Every once in awhile I get a huge craving for this salad – usually at around 10pm. It rates the highest star power on my list of favorite recipes.

Thai noodle salad

Ingredients:

  • 12 to 15 ounces dried chukka soba noodles (also called “chow mein” noodles)
  • 1 1/2 teaspoons dark sesame oil
  • 1/3 cup rice vinegar
  • Juice and grated peel of one lime
  • 1/2 cup soy sauce
  • 2 tablespoons sugar
  • 1-2 teaspoons dried red pepper flakes (or 2 teaspoons chili sauce)
  • 2 cloves garlic, minced
  • 1 cup grated carrot
  • 3/4 cup coarsely chopped dry roasted peanuts
  • 1/2 cup chopped fresh cilantro

Directions:

Boil the noodles until they are tender, about 4-5 minutes.  (Do not over-cook.)  Pour them into a colander and rinse with cold water.  Let drain thoroughly. 

In a large bowl combine the sesame oil, rice vinegar, juice and grated lime peel, soy sauce, sugar, red pepper flakes and minced garlic.  Stir until sugar dissolves.  Add carrot, peanuts and cilantro.

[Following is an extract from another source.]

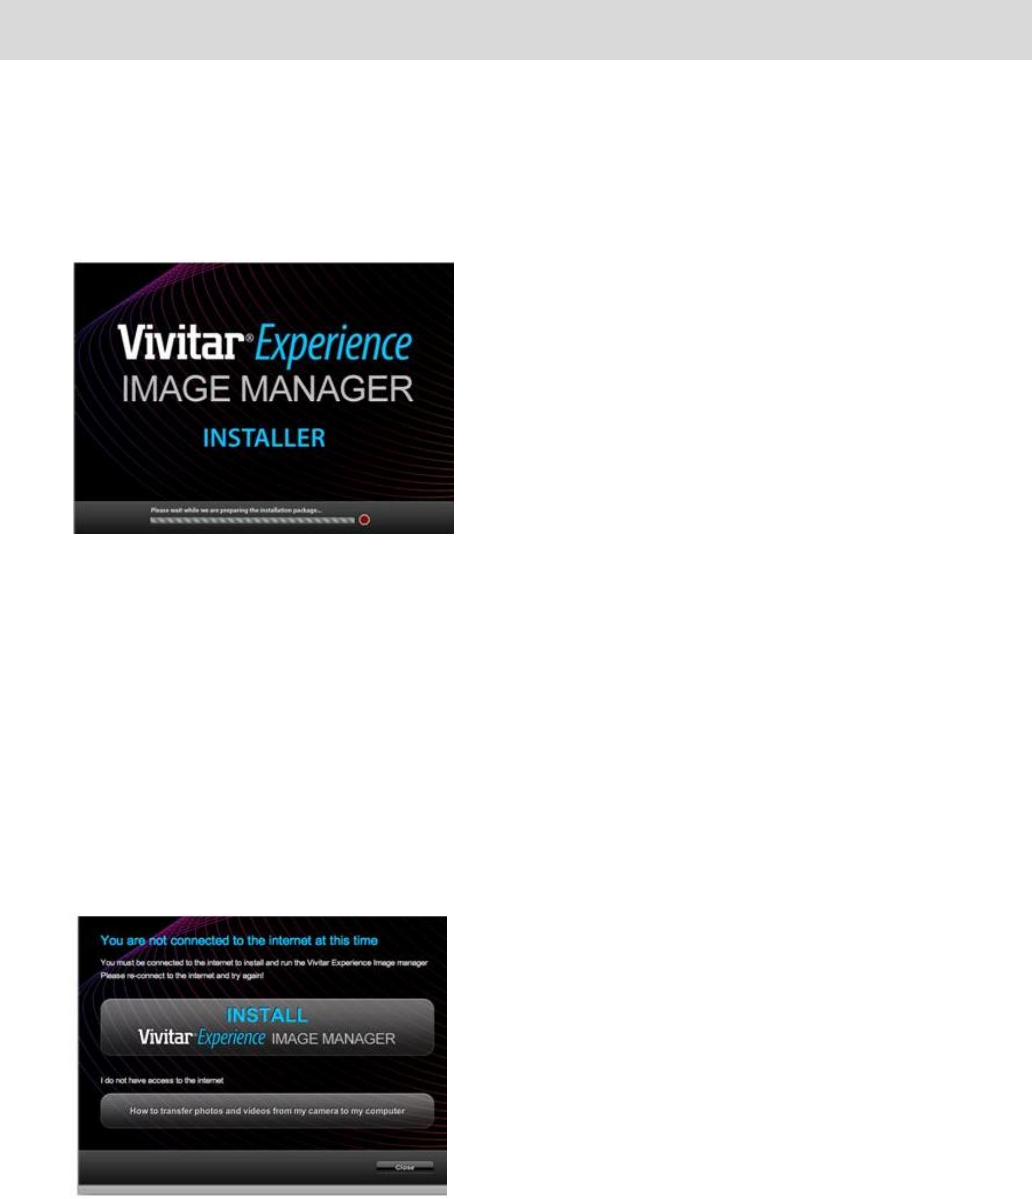 para que sirve vivitar experience image manager

Cut through noodles with a knife to make more manageable lengths.  Toss noodles with sauce until well mixed.  If you can wait, try to chill salad for an hour before serving.  Toss again before serving.

NOTE: 2 teaspoons of the dried red pepper flakes makes this salad really hot. Use what you feel is appropriate.